Task directions:
Give back each line of the data exactly as it reads, minus the pictures.

Data segment:
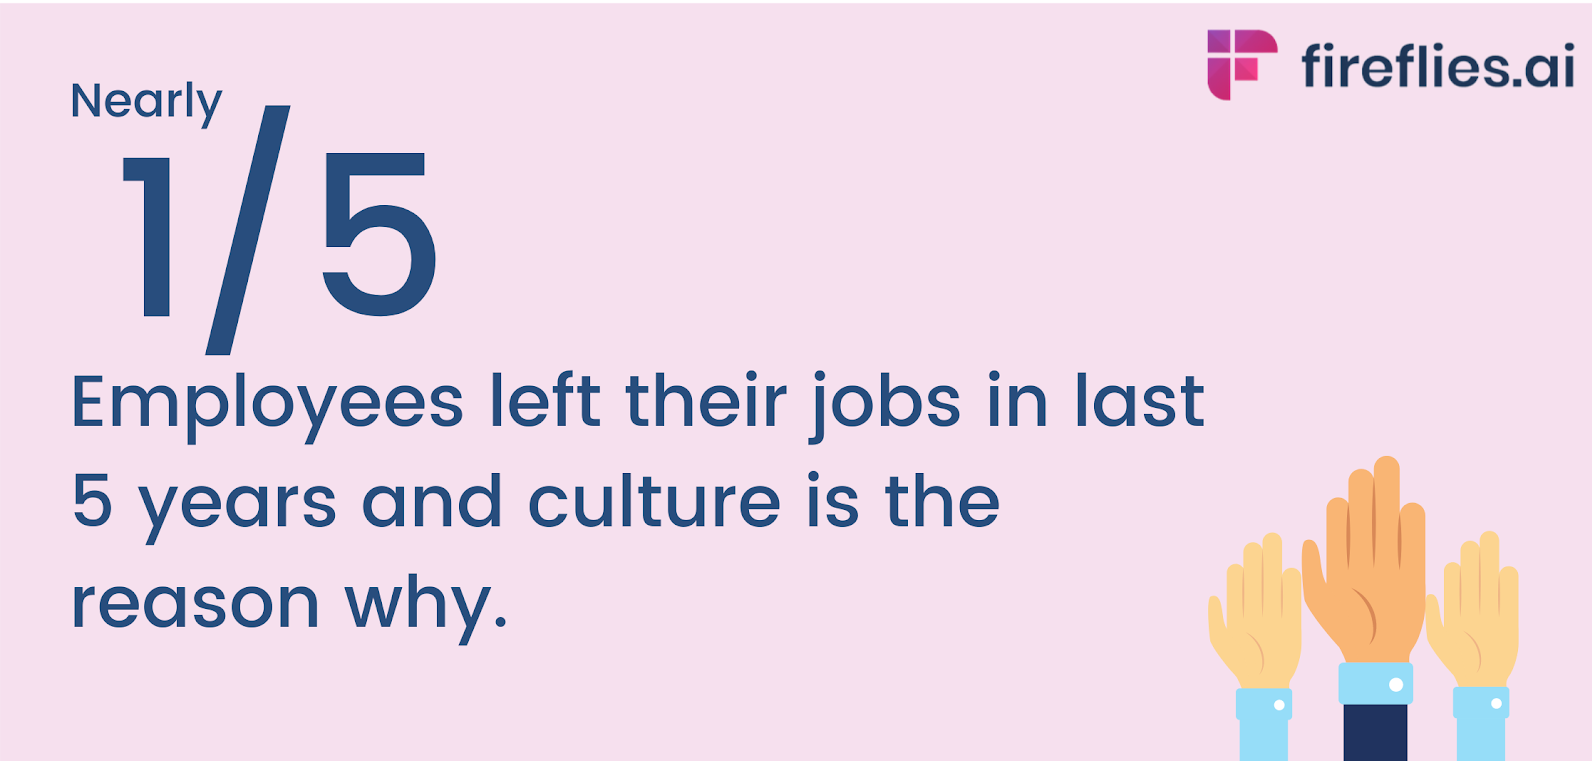 Why is organizational cutlure important? Because 1 out of 5 employees left their jobs in last 5 years due to a bad organizational culture
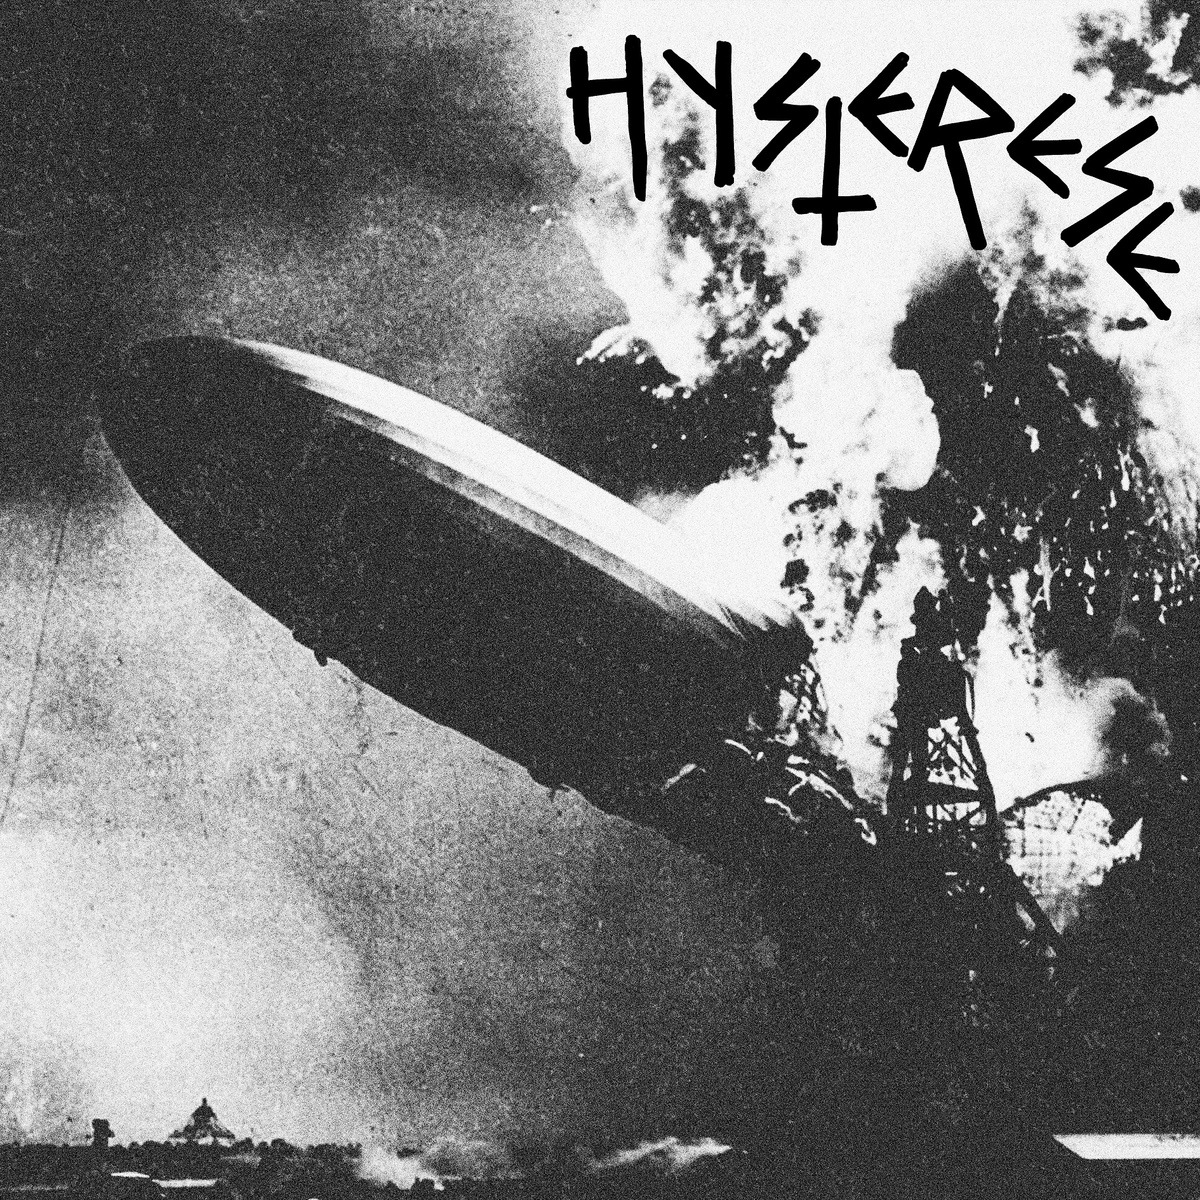 Hysterese – s/t
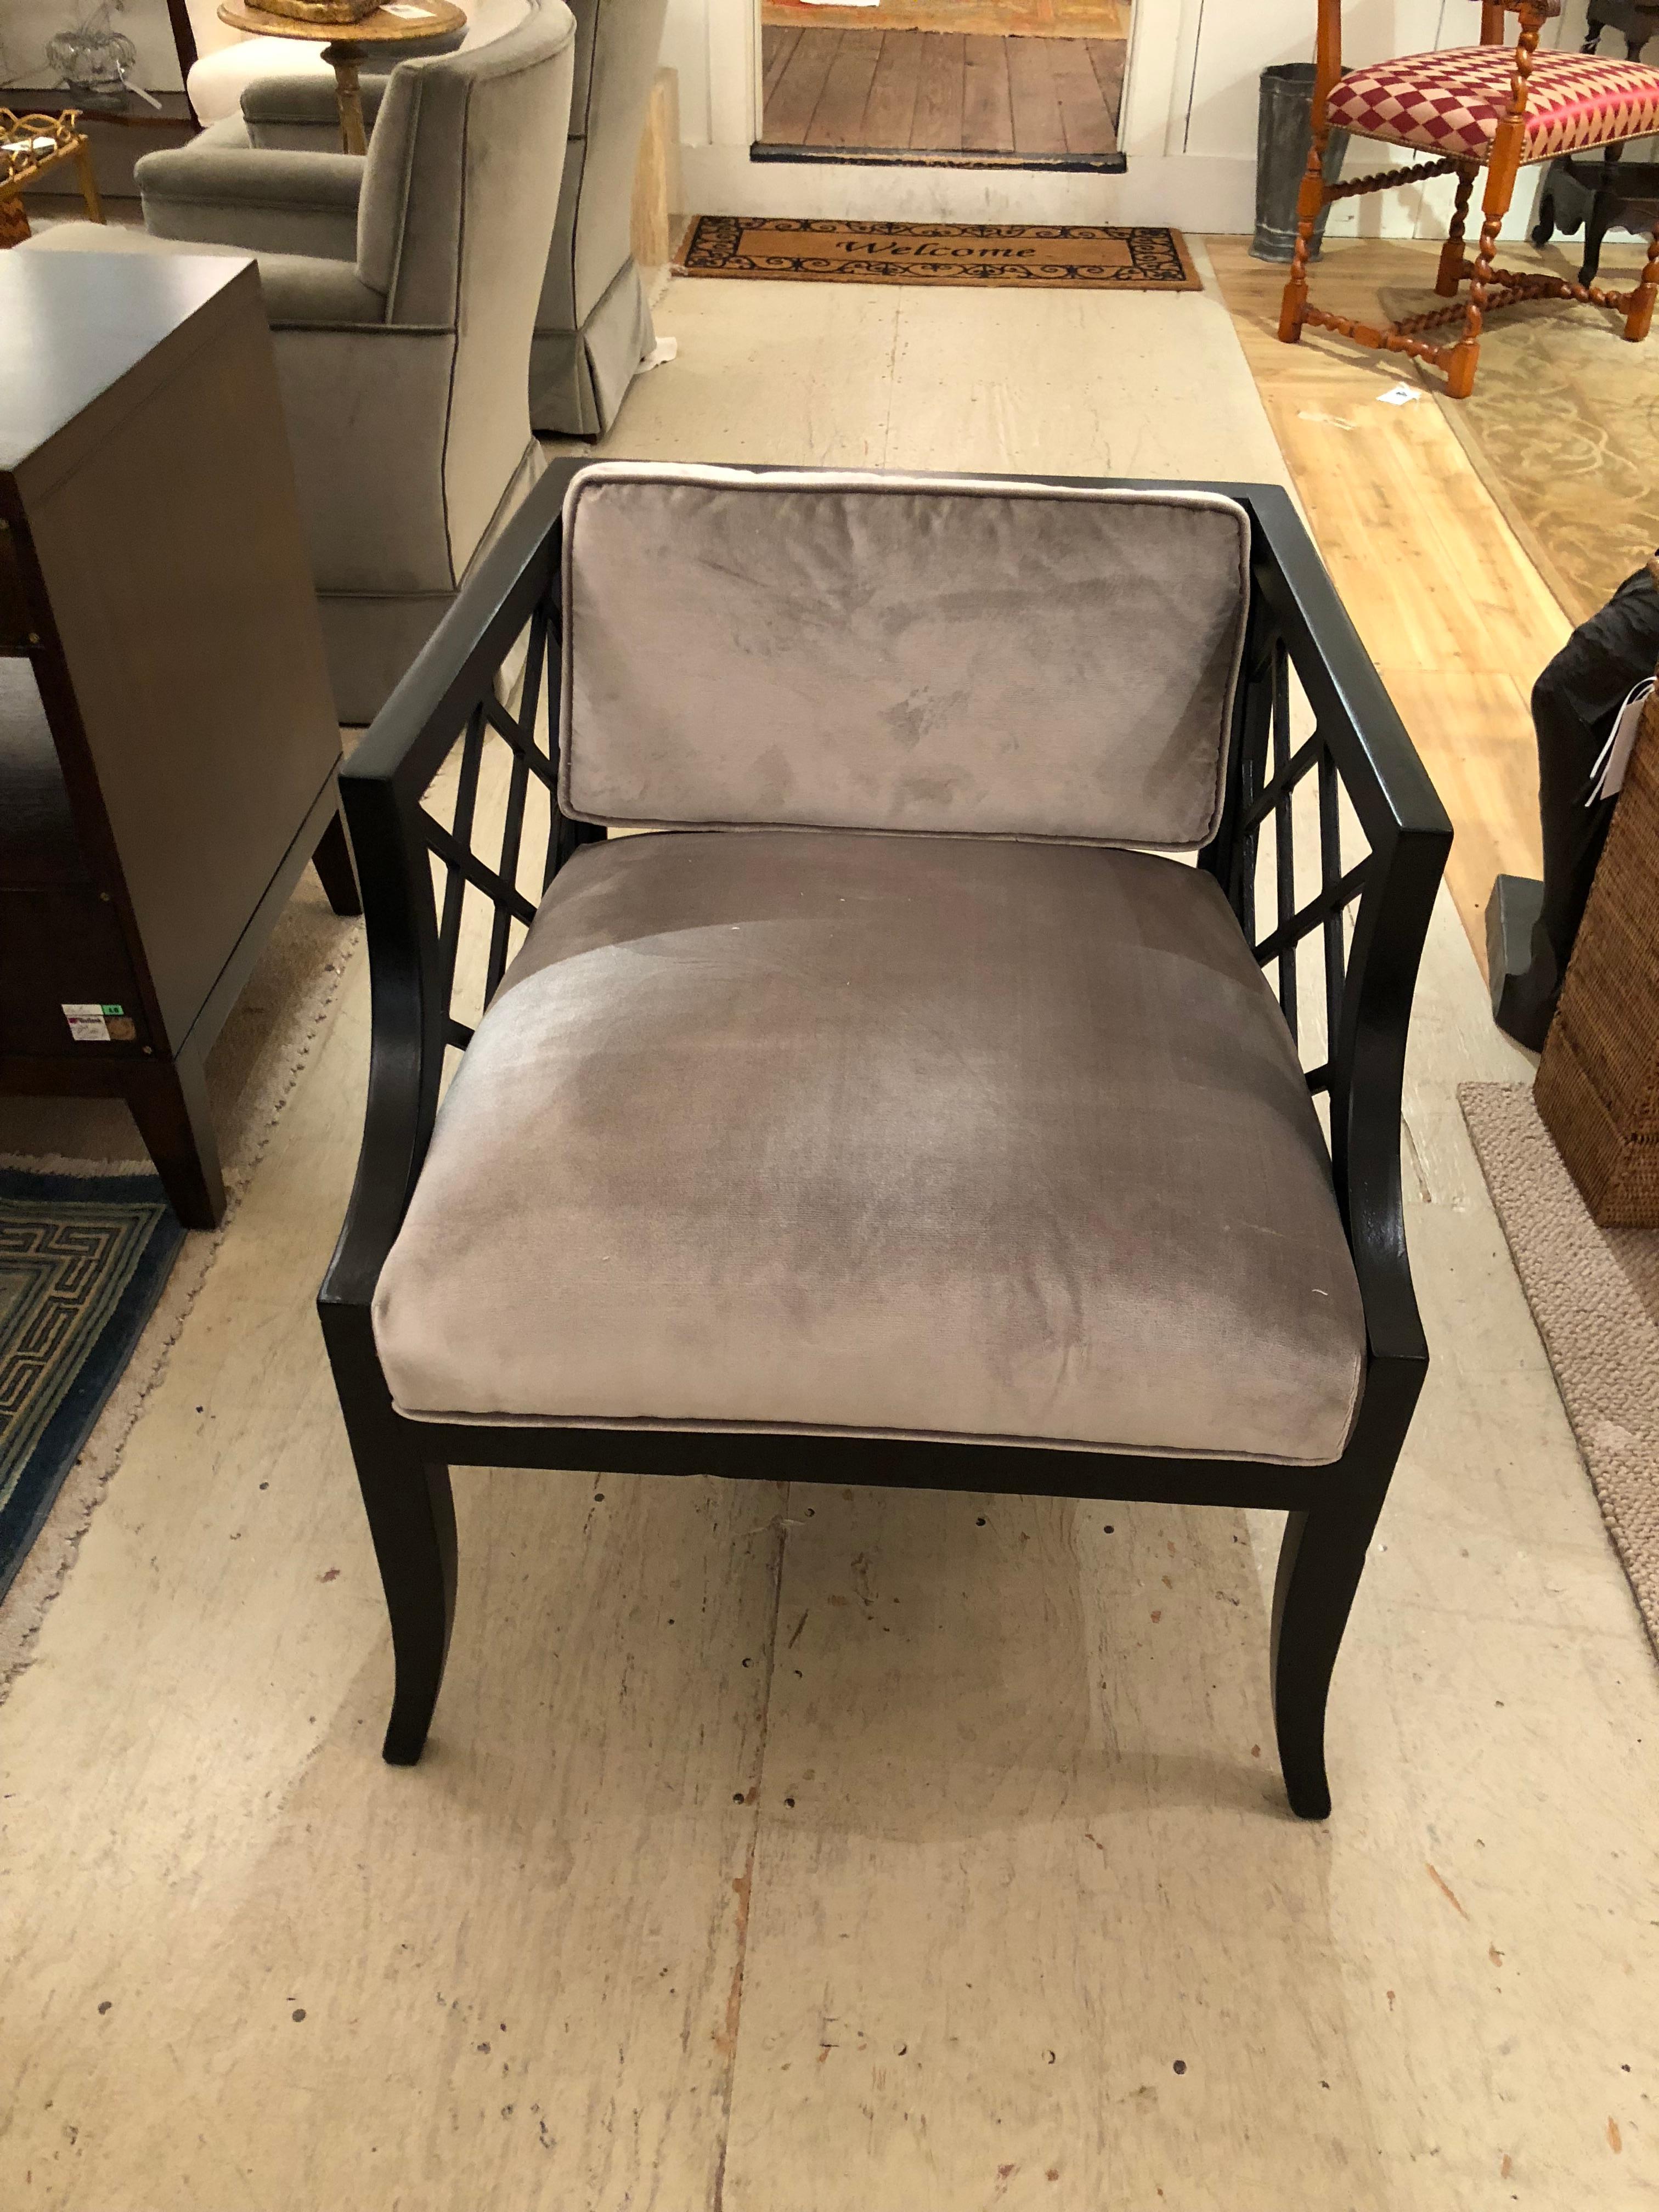 Elegant pair of midcentury Hollywood Regency chairs attributed to Baker in an ebonized finish. Chairs are of a substantial weight and have been newly upholstered in a platinum pale grey cotton velvet. Back cushion is loose; fretwork on back and

Task result:
 Why is organizational cutlure important? Because 1 out of 5 employees left their jobs in last 5 years due to a bad organizational culture
 Hysterese – s/t
 Elegant pair of midcentury Hollywood Regency chairs attributed to Baker in an ebonized finish. Chairs are of a substantial weight and have been newly upholstered in a platinum pale grey cotton velvet. Back cushion is loose; fretwork on back and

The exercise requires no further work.